Lisa Carmen Wang 46:28
Yep, definitely. And how does that contrast or compare to, let's say if you're analyzing a private equity fund,
Clara Vydyanath 46:35
or a private equity fund, I would take a look at variables like their track record the sector that they invest in their particular strategy, or the LBO or the growth stage. And I'm sorry, LBO means leveraged buyouts, it means that you take a bunch of debt out on a business, and then you cut costs and sell it off later at a higher multiple. So it's just a financial reengineering is what that's called. And that's a whole class of funds. So I will look at the strategy and see does otology compare well with the current economic climate. Because I will, LBO funds will do less well, but interest rates are high like they are right now. We'll take a look at the strategy. Take a look at management teams’ pedigree as well, where they come from, what their backgrounds are, and how well they've done. Unfortunately, I would love to have a diversity lens in private equity. But that is literally impossible. There are vanishingly few funds. And so we do what we can. But in that particular space, it's honestly, are you at least investing in businesses that are doing good for the world? Yeah, and obviously, technical metrics, like historical returns, you know, projected backtests, etc, etc.
Lisa Carmen Wang 47:48
Yeah. Is that Is it just as hard in hedge funds?
Clara Vydyanath 47:52
It's pretty damn hard and hedge funds. I think the space that we actually have the most leeway to do impact investing work is in private credit. And early-stage venture capital and angel investing, that's when you do actually get some diversity, or otherwise, it's really, really hard.

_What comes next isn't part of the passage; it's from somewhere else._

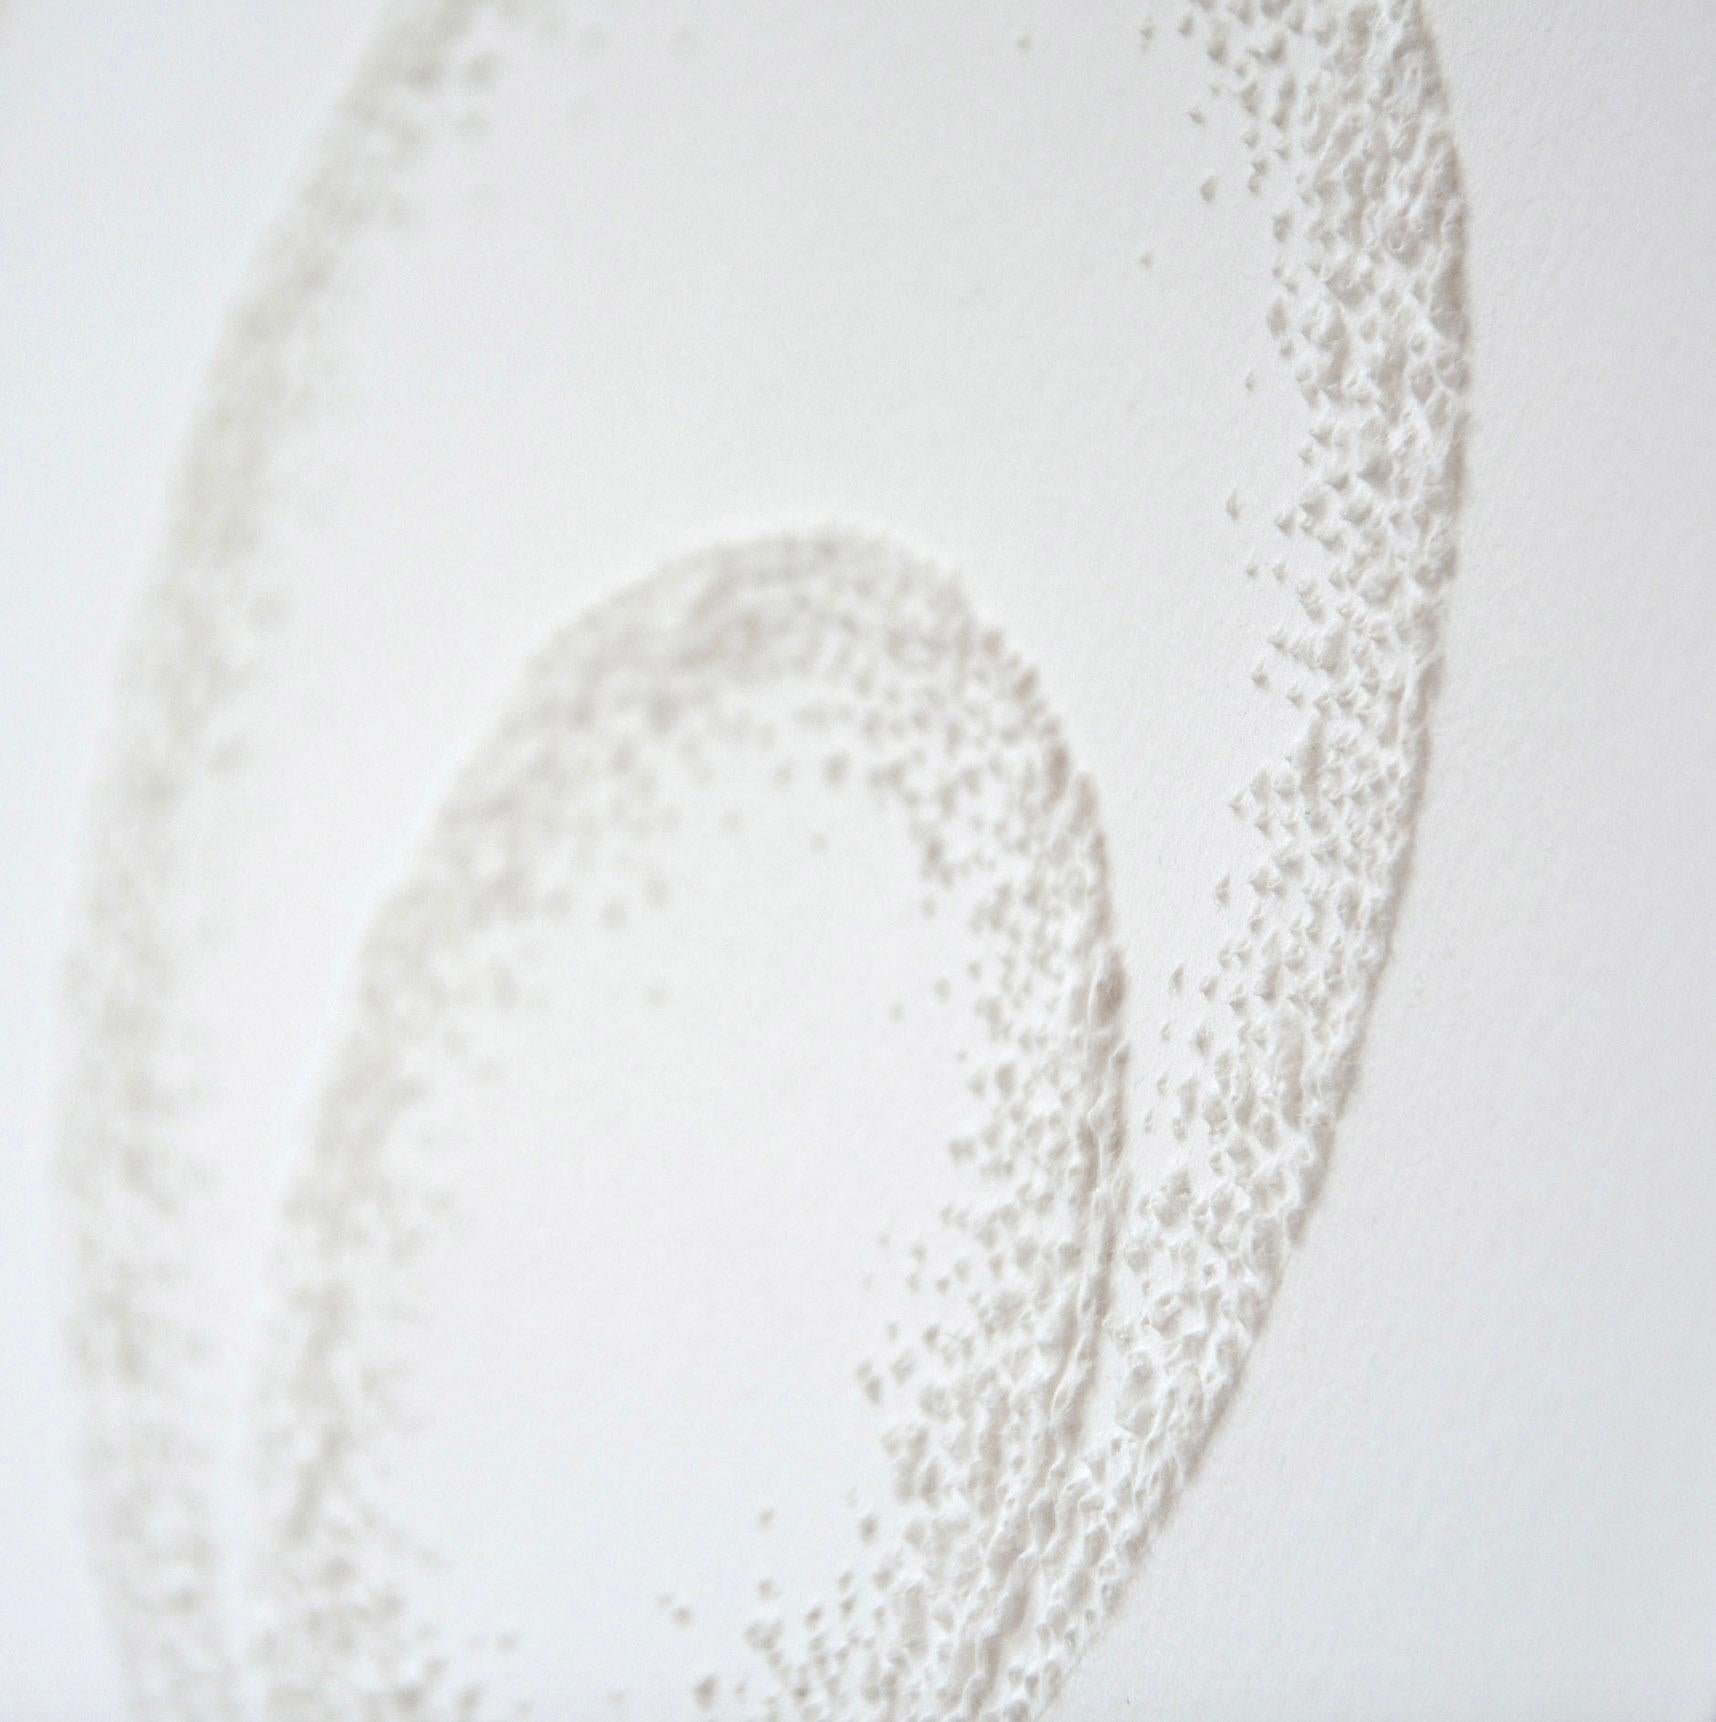 Circle 3 - intricate white 3D abstract geometric drypoint drawing on paper  - Sculpture by Antonin Anzil

Although the one thing I will say is, I will mention is Hypatia capital is building an index of women-run hedge funds, which are outperforming broader indexes. And so I am looking to work with them actually, to make that investable and see if we can invest in it because that would be a soup product.
Lisa Carmen Wang 48:31
That's amazing. Okay, well, how do people find out more about 32 cents?
Clara Vydyanath 48:38
You can visit my website 32 cents.com or send me an email at Clara at 32 cents.com and I would love to hear from you. And you know, I'll tell you more about what we do, how to join, etc, etc. Let's let's close the gap together is what I would say.
Lisa Carmen Wang 48:55
Awesome. And last question for you. What does it mean to you to be a bad bitch?
Clara Vydyanath 49:03
When I first came across your three slogans, of bodies, boundaries, and bank accounts, I was so taken by that because that is what it means. It means taking charge of your body and making sure that you are doing what you want to be doing with your life of your boundaries and of your bank account because that is something that holds us back so much like 32 Cents is a gender wealth gap, we have a 1/3 of the wealth men have. And so for me taking time out of your bank account means bringing that number up and getting to parity within our lifetimes. If we're lucky. That would be phenomenal. If you're going to ever get help make that happen.
Lisa Carmen Wang 49:46
Yes, amazing. Well, thank you so much, Clara. This was awesome. And I wish you the best of luck and am excited about continuing to collaborate with 32 Cents and the BAD BITCH EMPIRE and closing the gap uplifting women and cultivating the next generation of Bad Bitch investors.
Clara Vydyanath 50:06
Thank you so much Lisa. That was phenomenal.